When it comes to intimacy, I can’t help but wonder what life would be like every now and then if husband #2 was a cuddler? My present husband runs a couple of degrees higher than most people and having him hold me in bed is almost like attempting to sleep while wrapped in an electric blanket in the middle of the desert. I just can’t take more than five minutes of his raised body temperature before I break out into a full body sweat.

Shopping is another sore spot. Whether it be for Christmas or family birthdays, this event has always been a problem between my husband and myself. What if husband #2 understood the time-honored concept of returning merchandise?

Many times, as I’m walking out the store with a recent purchase, I already know that this particular blouse most likely won’t be a good match with the blue skirt I was looking to pair it with and would more than likely end up returning it on my next visit to the mall. This absolutely bewilders my husband who would never even consider a purchase unless he’d previously researched it online, talked about it with a buddy, and found exactly what he wanted at a decent discount.

Maybe husband #2 wouldn’t mind holding my bags if I just wanted to try on another jacket that the saleslady was willing to take off the storefront mannequin. That would be a treat, not listening to the moans and groans of my spouse as he leaned against one of the stores walls, tapping his foot while he yearned to be anywhere but where we presently were.  
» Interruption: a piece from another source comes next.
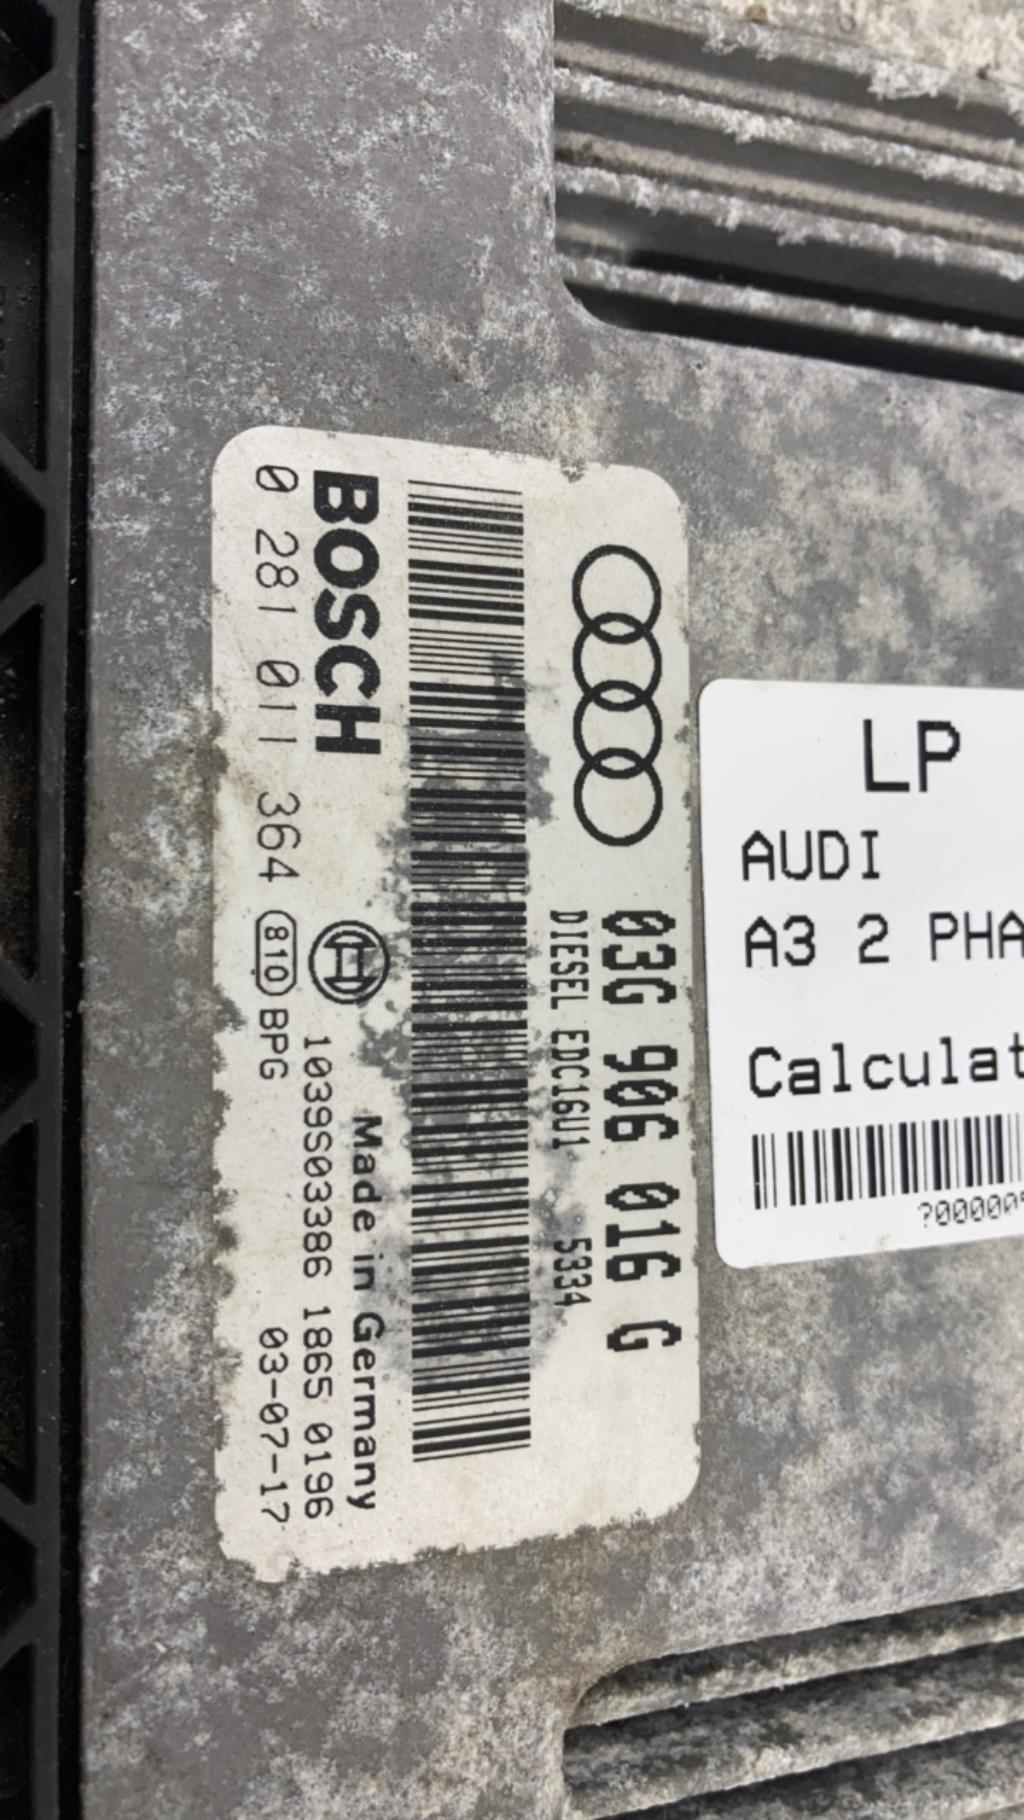 Calculateur AUDI A3 2 PHASE 1 Diesel

Hell, if husband #1 and #2 developed a joint interest in hunting, that would be fine with me. I don’t really need to admire the collection of dead ducks filling the cardboard boxes upon my husband’s return. If he wanted to take husband #2 with him to lay in the snow-covered bulrushes and silently watch the skies for a nearing flock to blow out of the clouds, that would be fine with me. Watching grown men rip the raw breast meat from a dead duck while standing on the outstretched wings is not my idea of a funfilled Saturday afternoon.

And to be honest, the family has eaten it’s fill of duck breasts with hidden shotgun pellets embedded in the meat to last us all a lifetime. And no sauce, no matter how spicy, is able to hide the taste of wildness permeating the dish as you delicately try to spit the ammo out of your mouth and down into your linen napkin.  
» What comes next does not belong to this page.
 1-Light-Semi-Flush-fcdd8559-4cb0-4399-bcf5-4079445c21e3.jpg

So realistically, there might be benefits in polygamy for both of us. But I haven’t had a chance to mention it to husband #1, as he’s off picking up his order of deer jerky that a friend has lovingly smoked after his recent kill.

Admittingly, family functions and traditional holidays could be a little tricky with grandpa #1 and grandpa #2 both vying for the grandkid’s affection. But I believe that kids never have too much love, and as long as both were willing to share the turkey carving duties, we could alternate seating at the head of the table along with the prized neck of the roasted bird.

I know this was written tongue-in-cheek and many of my readers might comment that I could find whatever I am missing in friendship with another woman. As true as that might be, I thought this idea of polygamy was still fun to investigate in my mind.

No intention of ever taking this past the written blog, I just thought that putting a few ideas on paper might be cathartic after picking up my husband’s season tickets for another year of football and tailgate parties that totally infringe on my shopping time.

My present husband is my first, second, third, and forever choice for a spouse. As a proud member of THE FIFTY CANDLES CLUB, I’d be crushed if he ever seriously mentioned a second wife in the house. We are two happily married people with normal differences. This exercise was fun, and I hope my readers enjoyed the trip down fantasy-lane just as much as I have.